Most players know the “8-ever, 9 never” rule for finding the missing queen, playing a nine-card suit. The image below shows why this rule works. (Click to expand. Type Esc to return, or click the “x” in the upper right corner.)
The odds of success range from about 50% to about 58% for the four strategies. The two best options require playing one top honor and then leading up toward the remaining top honor. The finesse and the drop strategies are less than 2% apart in their original odds of success. However, assuming that you have now seen all the small cards, the current odds have become 12 to 11 for the drop. The difference is 4 %. You arrive at this by taking 20.35% vs 18.65% for the two remaining original cases. The current probabilities are
.2035/(.2035+.1865) =.522 (or 12/23) and
.1865/(.2035+.1865) =.478 (or 11/23) .
The finesse at this moment is no longer quite a 50% proposition even though it rated as 56% when you began. Perhaps you wonder where the number 23 came from in the odds.
The law of “vacant places,” or sometimes “vacant spaces,” says that the odds of finding a single particular card, a “black pearl,” are proportional to the number of “vacant spaces” in each concealed hand. Each of those hands start with 13 cards. From 13, you subtract the number of cards in each suit for which the distribution is completely known.

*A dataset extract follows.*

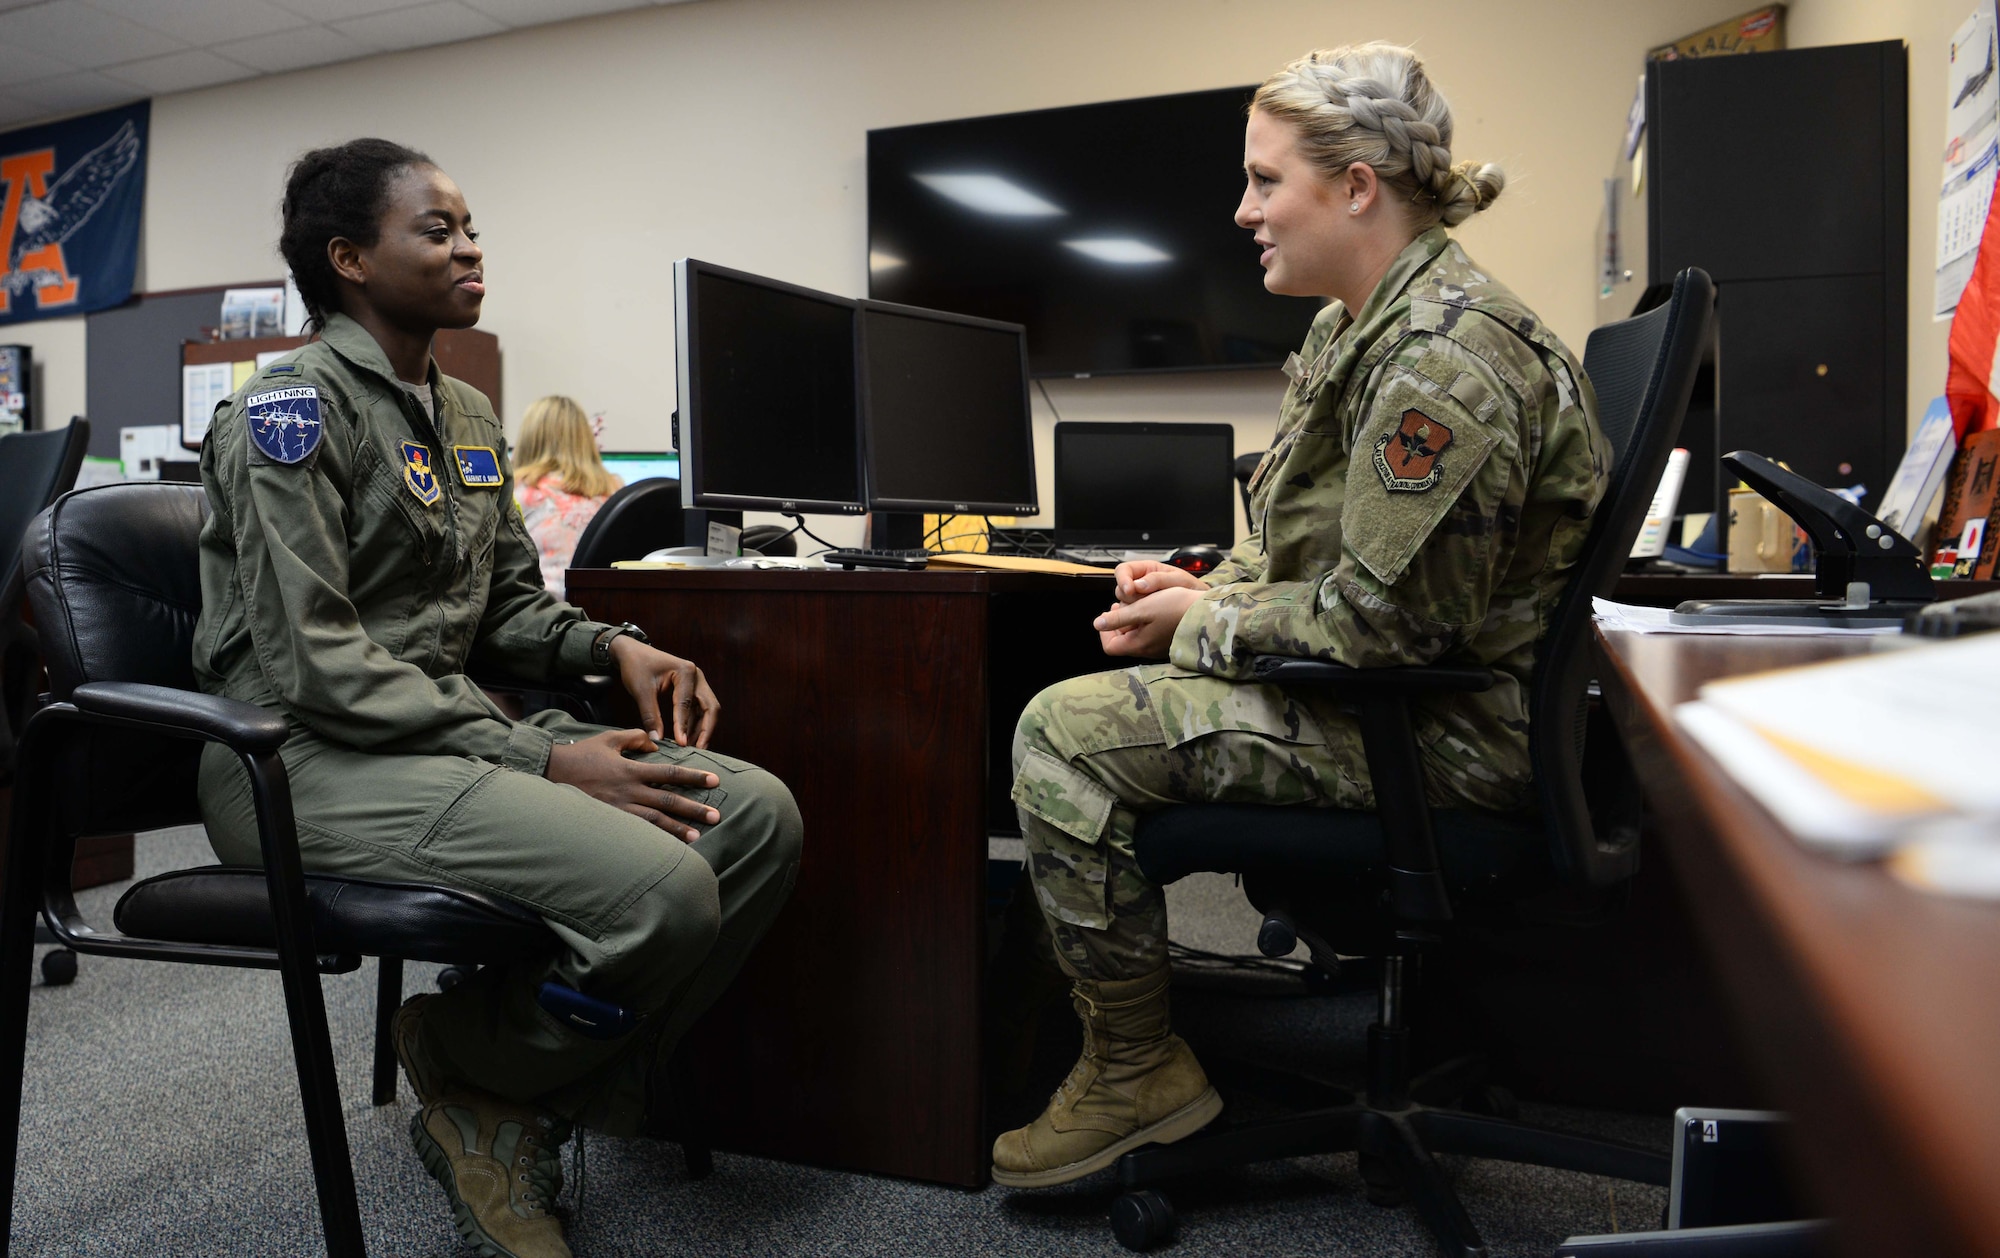 Capt. Christy Martin (right), 14th Student Squadron international military student officer, and 1st Lt. Sanni Kafayat (left), a student pilot from Nigeria, discuss Kafayat’s return home July 26, 2019, at Columbus Air Force Base, Mississippi. The IMSO is tasked with managing the administrative part of an international student’s training. (U.S. Air Force photo by Airman 1st Class Jake Jacobsen

In the key suit, when you are down to the missing “black pearl,” having located all the other cards, you can subtract those other cards from the concealed hands.
At the decision point, you have seen all the missing spot cards in the key suit. This tells you that the number of vacant places is 13-2=11 in the hand in front of your honor and 13-1=12 behind your honor, so it is better to play for the drop. Suppose you play several cards in other suits before you tackle the key suit. If you do not learn any complete distributions of other suits, you still use 13-2 and 13-1 at the decision point.
Suppose the opponent behind your honors has made an overcall, and his partner has raised. You can infer that the suit suit is divided 5-3, with the five cards behind your honors. At the decision point the number of vacant places in front of your honor is 13-2-3 = 8. Behind your honor the number of vacant places is 13-1-5 = 7. This tells you that the odds now favor the finesse by 8 to 7, or about 6.7%. Often a preemptive bid will shift the odds in favor of a finesse.
When considering vacant spaces, you cannot include suits for which you have seen some, but not all cards played. You must know (or choose to assume) the complete distribution of the suits you include. In the key suit, having seen all the spot cards, you can imagine that they constitute a “fifth suit.” for which you know the distribution.
Knowing the complete distribution of one or more side suits in which the defender behind your key-suit honors holds a total of two more cards than his partner tips the balance in favor of the finesse at the final decision point. This assumes you have no other reason to place the missing queen with the opponent holding the 5-carder.